__DATA TO EXAMINE__.
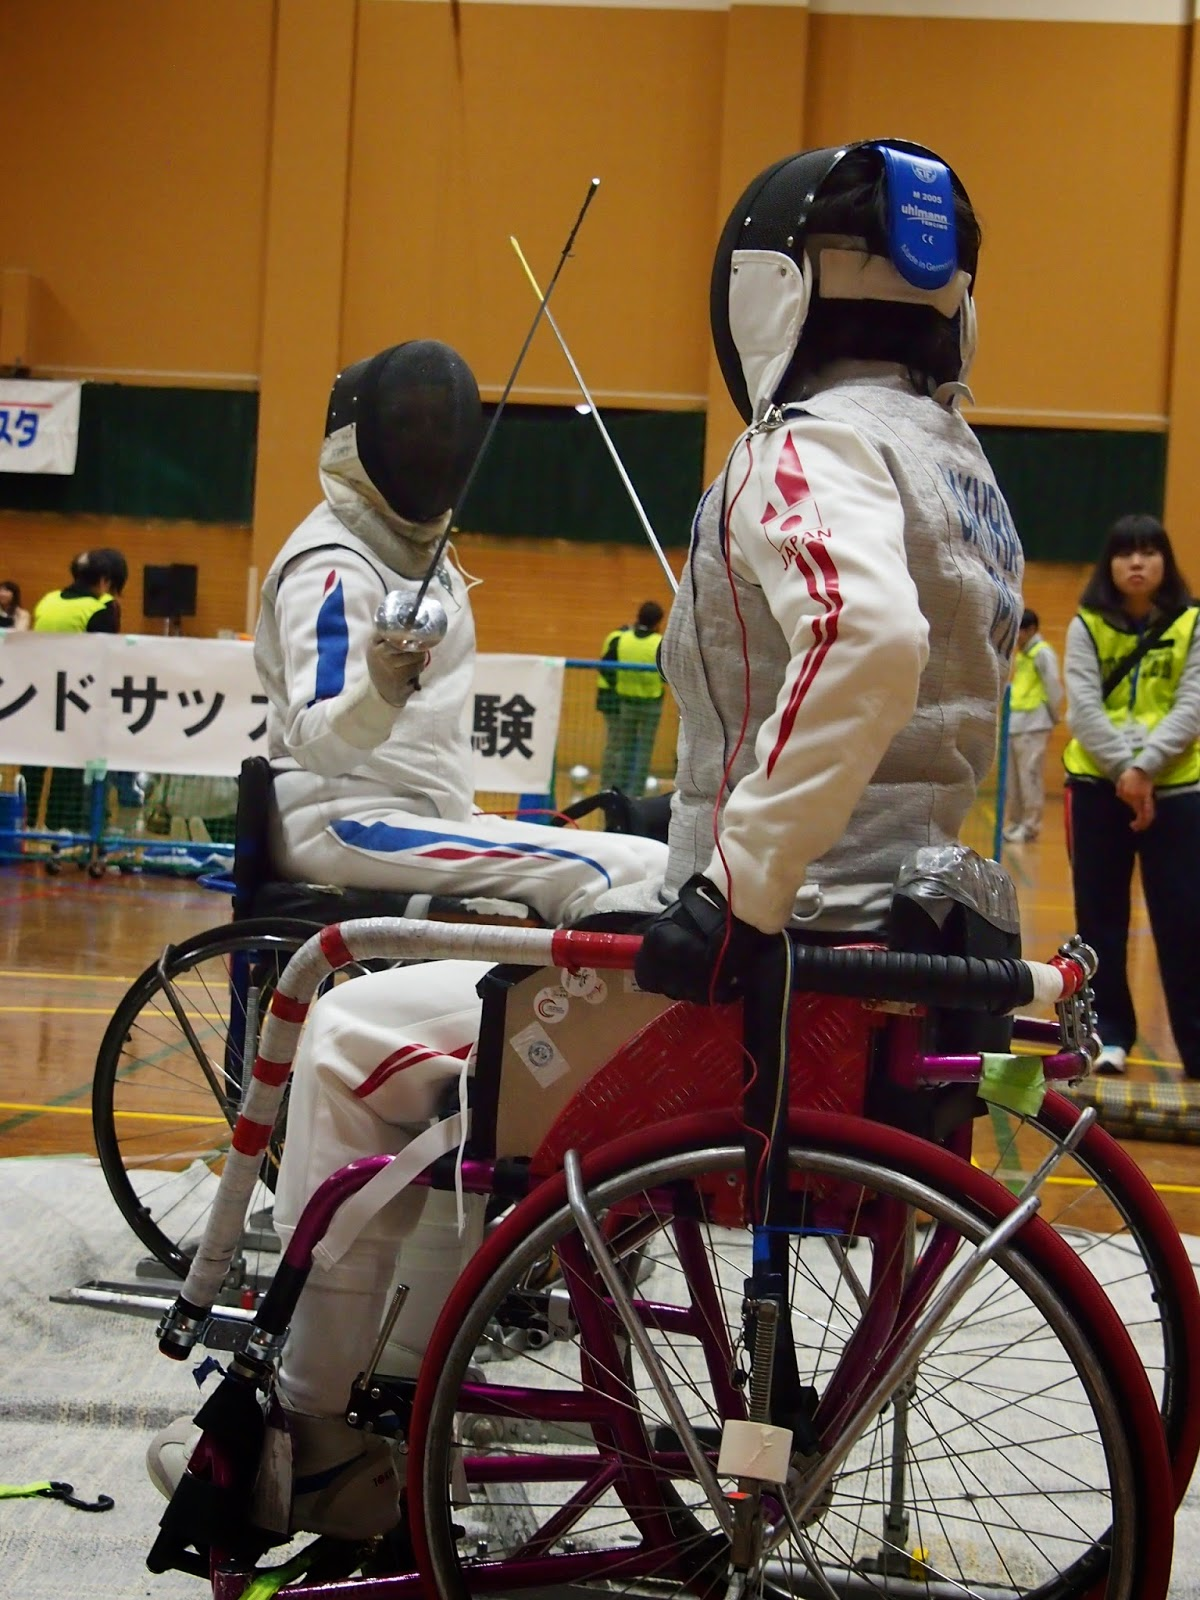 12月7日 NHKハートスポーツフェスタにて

---

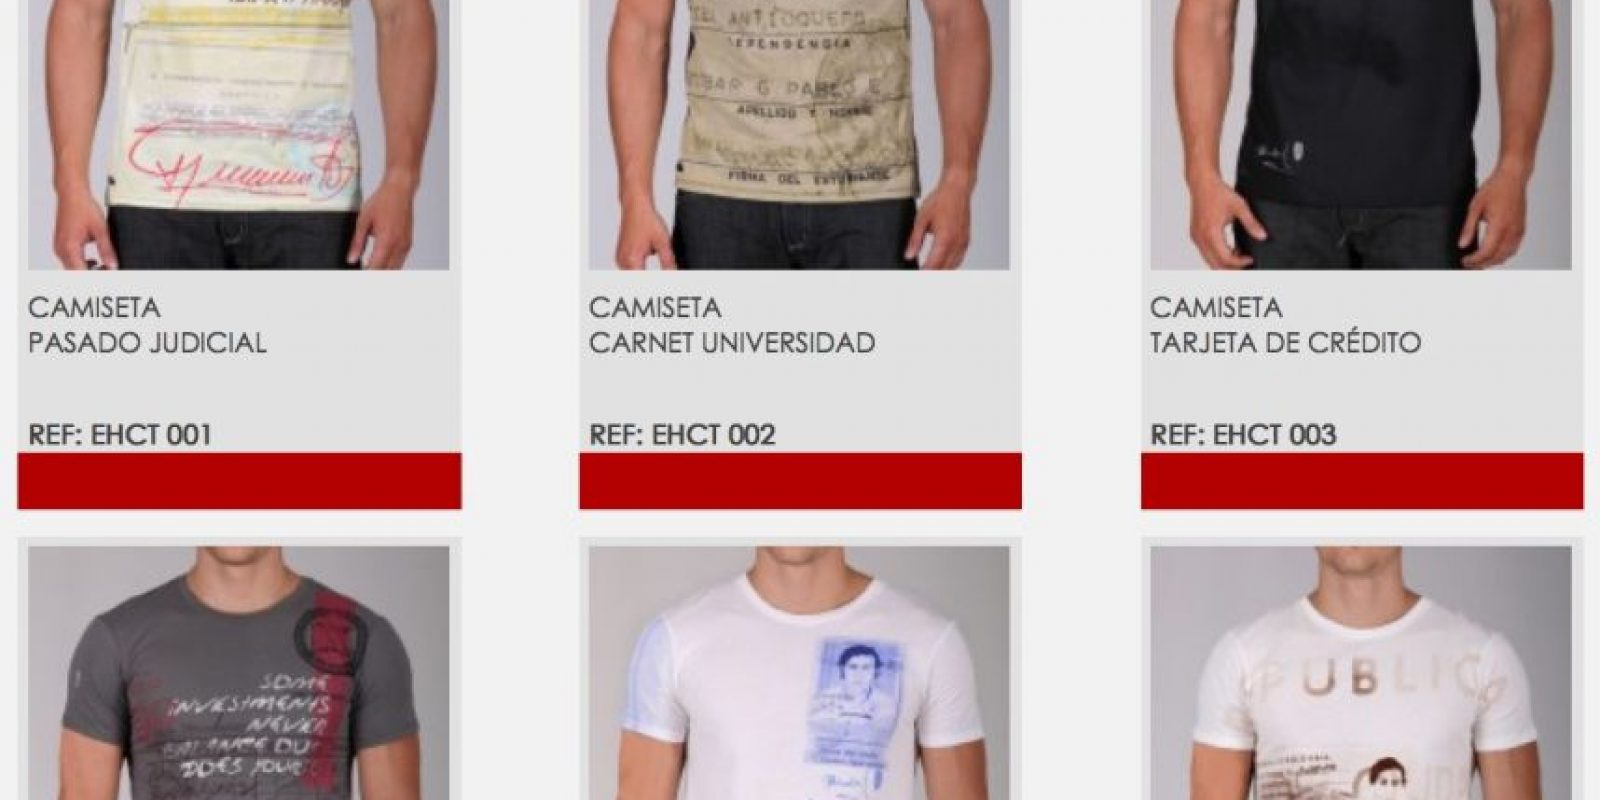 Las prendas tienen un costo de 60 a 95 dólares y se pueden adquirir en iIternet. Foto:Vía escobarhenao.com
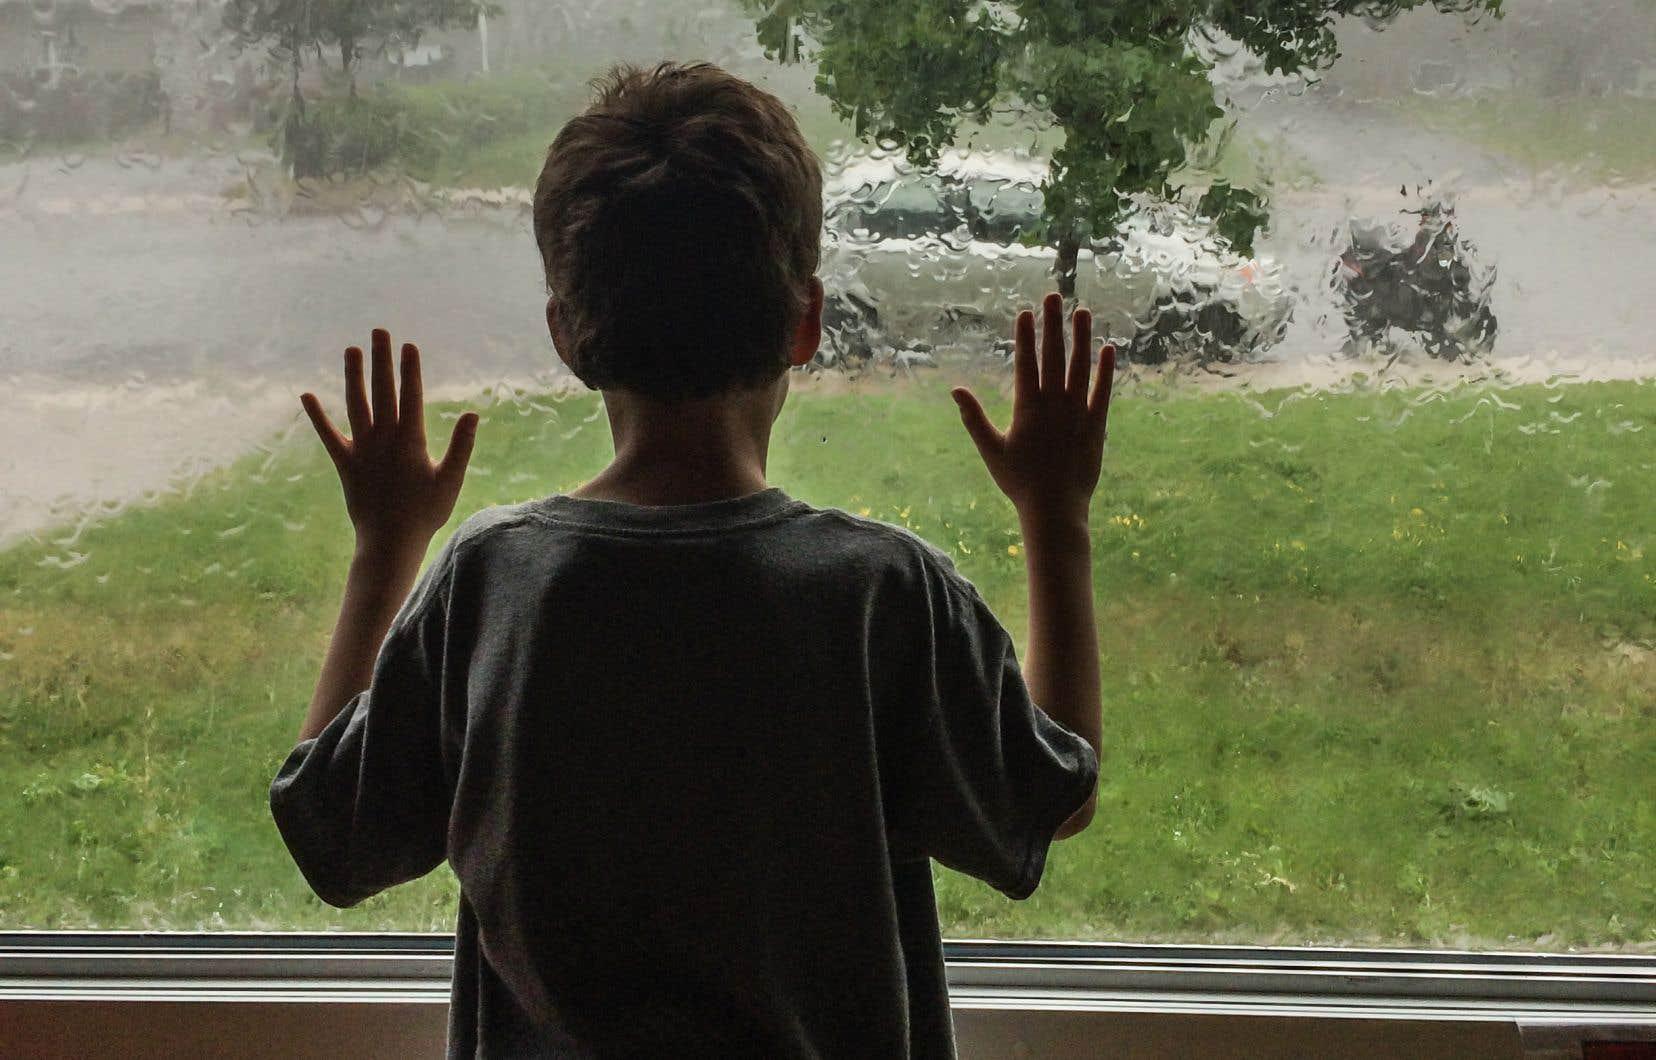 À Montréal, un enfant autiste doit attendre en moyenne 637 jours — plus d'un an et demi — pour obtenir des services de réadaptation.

--

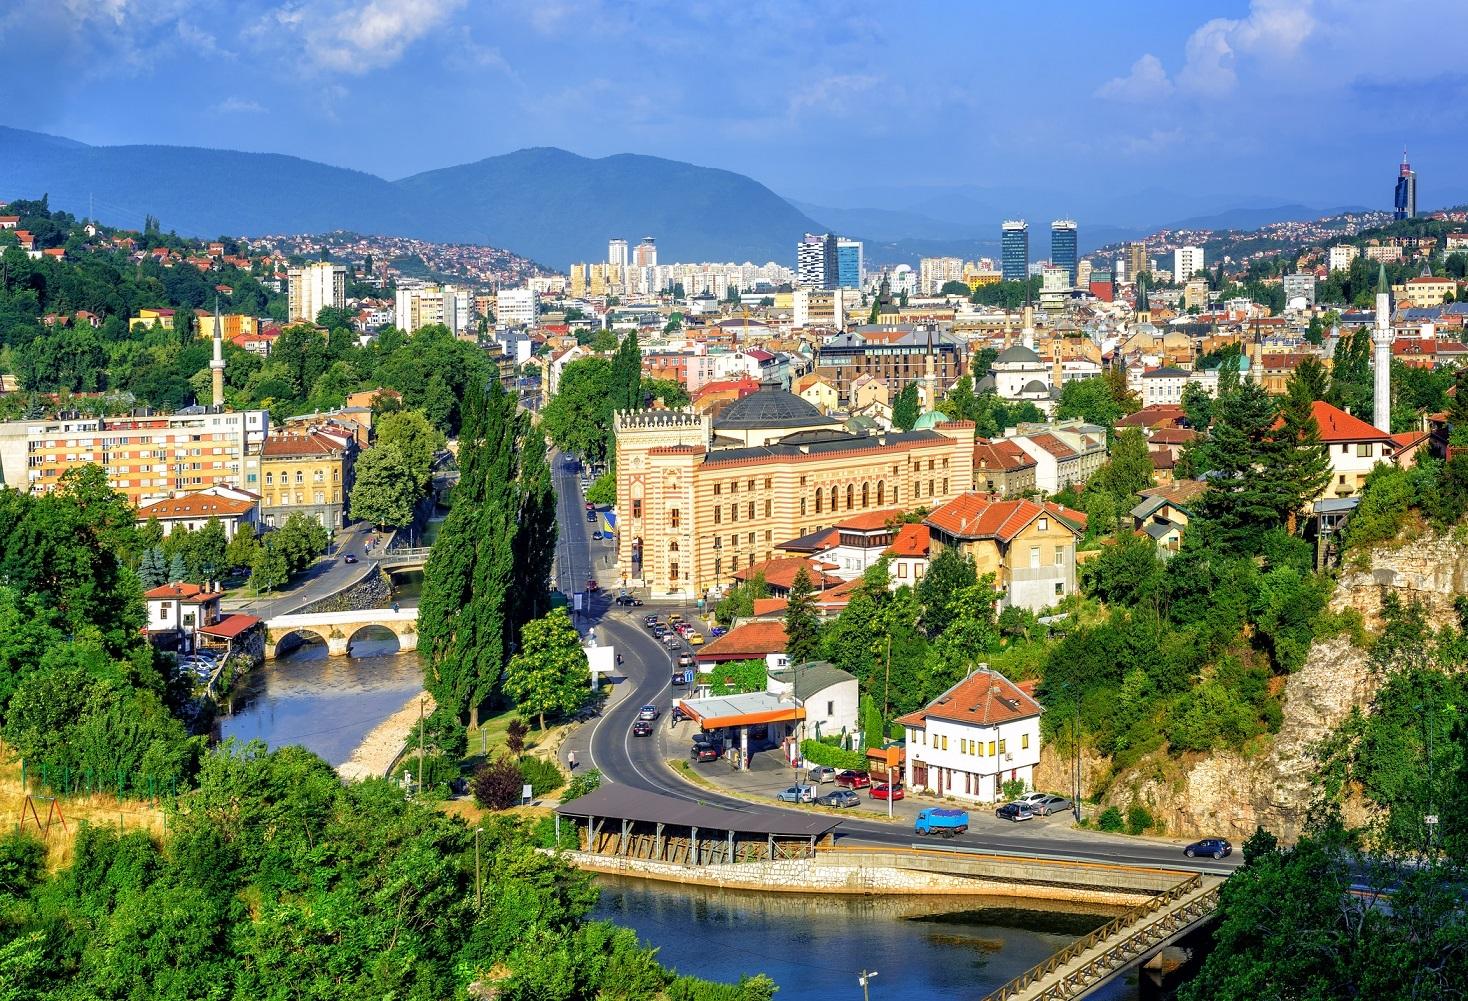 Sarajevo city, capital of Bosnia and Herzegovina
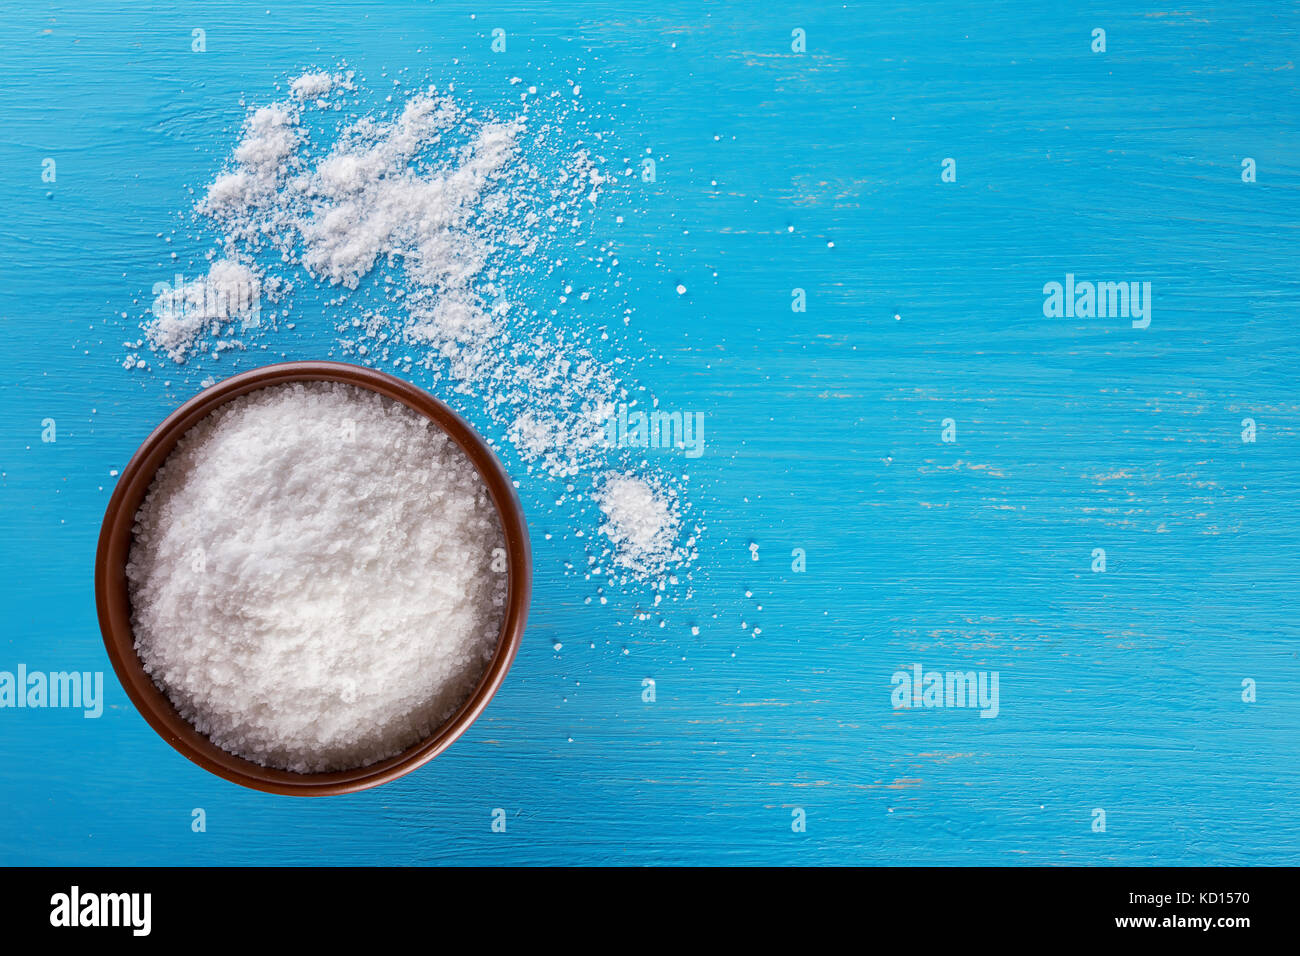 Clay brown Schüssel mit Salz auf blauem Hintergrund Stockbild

__REQUIRED ACTION__. Here the job is to copy the stretch of records from the line containing "Sarajevo city, capital" through the line containing "Clay brown Schüssel", word for word. Leave every picture out.

__YOUR RESPONSE__.
 Sarajevo city, capital of Bosnia and Herzegovina
 Clay brown Schüssel mit Salz auf blauem Hintergrund Stockbild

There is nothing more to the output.